If the String constant does not contain non-ASCII characters, it is recommended that the source code file be encoded with a non-Signed UTF-8, which supports early compilers.
If a String constant contains non-ASCII characters, it is recommended that the source code file be encoded with a signed UTF-8 so that most compilers can correctly process the source code character set.

Supplement --
1. Note that the condition is only "The String constant does not contain non-ASCII characters ". If you get a non-ASCII string from an external file or other means, you just need to select the appropriate string function, the source code file without signature UTF-8 encoding can also work.
2. The "# pragma execution_character_set" added by vc2010 is used to explicitly require the UTF-8 string. Because Windows does not have locale for UTF-8, it is less practical,

References --
ISO/IEC 9899: 1999 (c99). ISO/IEC, 1999. Www.open-std.org/jtc1/sc22/wg14/www/docs/n1124.pdf
C99 standard. Yourtommy. Http://blog.csdn.net/yourtommy/article/details/7495033
Qstring (2). Dbzhang800. Http://blog.csdn.net/dbzhang800/article/details/7540905

 

Download source code --
Http://files.cnblogs.com/zyl910/testwchar.rar

Related Article

Contact Us

The content source of this page is from Internet, which doesn't represent Alibaba Cloud's opinion; products and services mentioned on that page don't have any relationship with Alibaba Cloud. If the content of the page makes you feel confusing, please write us an email, we will handle the problem within 5 days after receiving your email.

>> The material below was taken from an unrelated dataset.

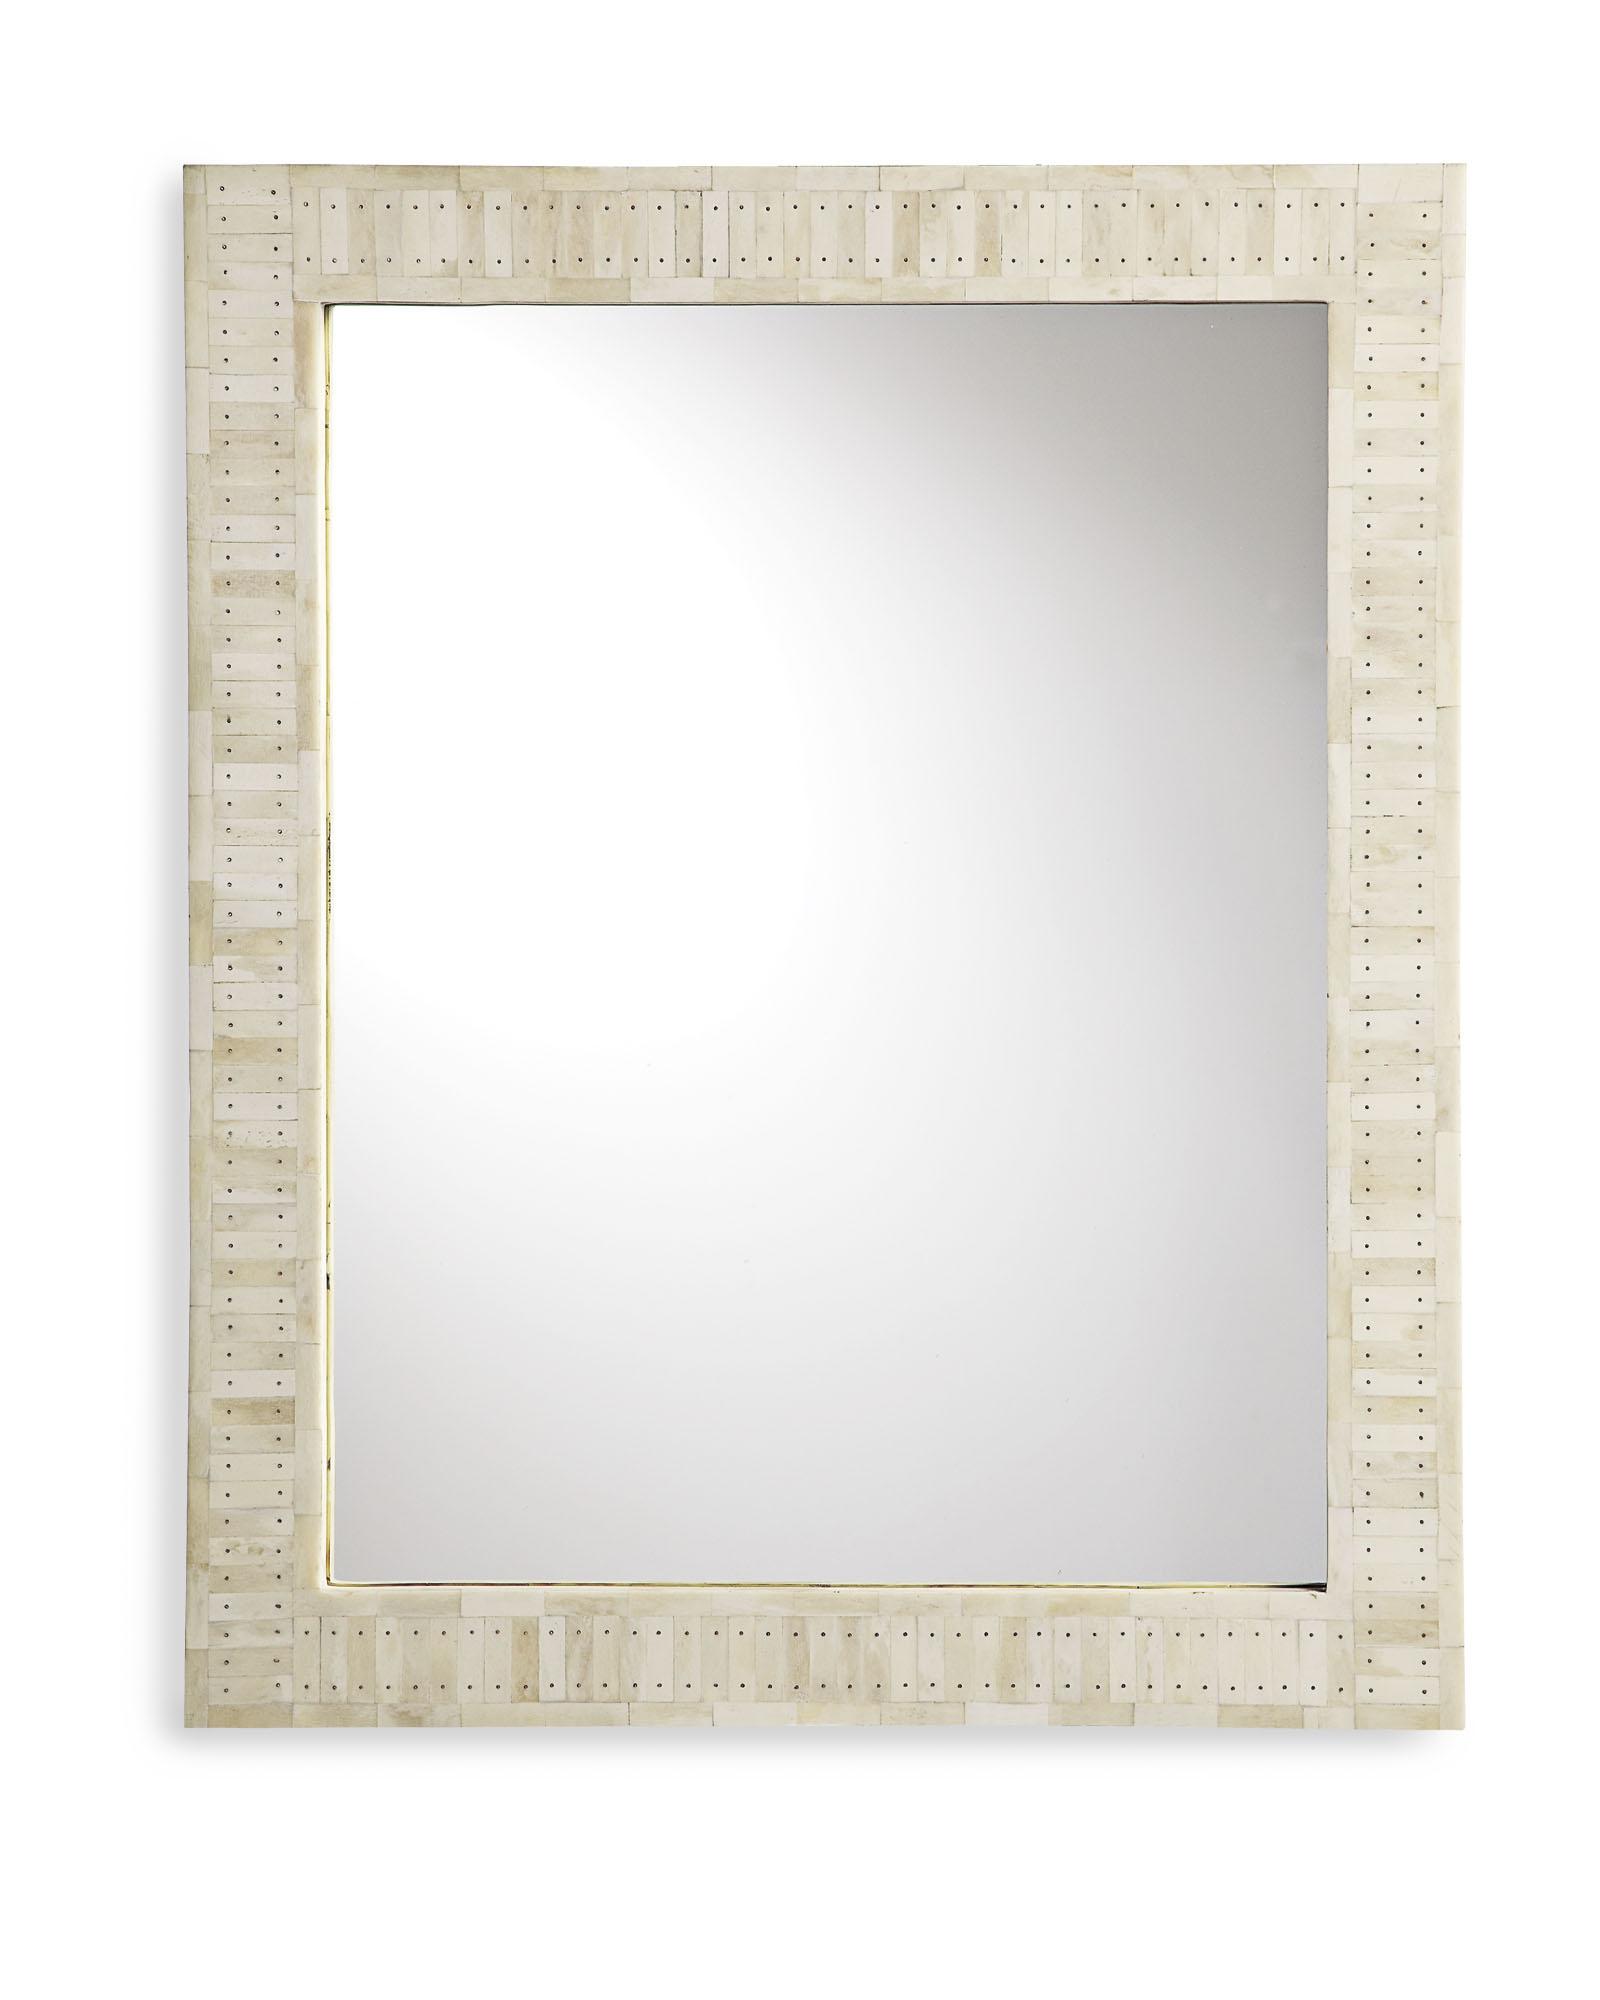 Parsons Wall Mirror Bone Inlay • Bathroom Mirrors And Wall Mirrors For Latest Parsons Wall Mirrors (View 1 of 20)

If you find any instances of plagiarism from the community, please send an email to: info-contact@alibabacloud.com and provide relevant evidence. A staff member will contact you within 5 working days.

A Free Trial That Lets You Build Big!

Start building with 50+ products and up to 12 months usage for Elastic Compute Service

  • Sales Support

    1 on 1 presale consultation

  • After-Sales Support

    24/7 Technical Support 6 Free Tickets per Quarter Faster Response

  • Alibaba Cloud offers highly flexible support services tailored to meet your exact needs.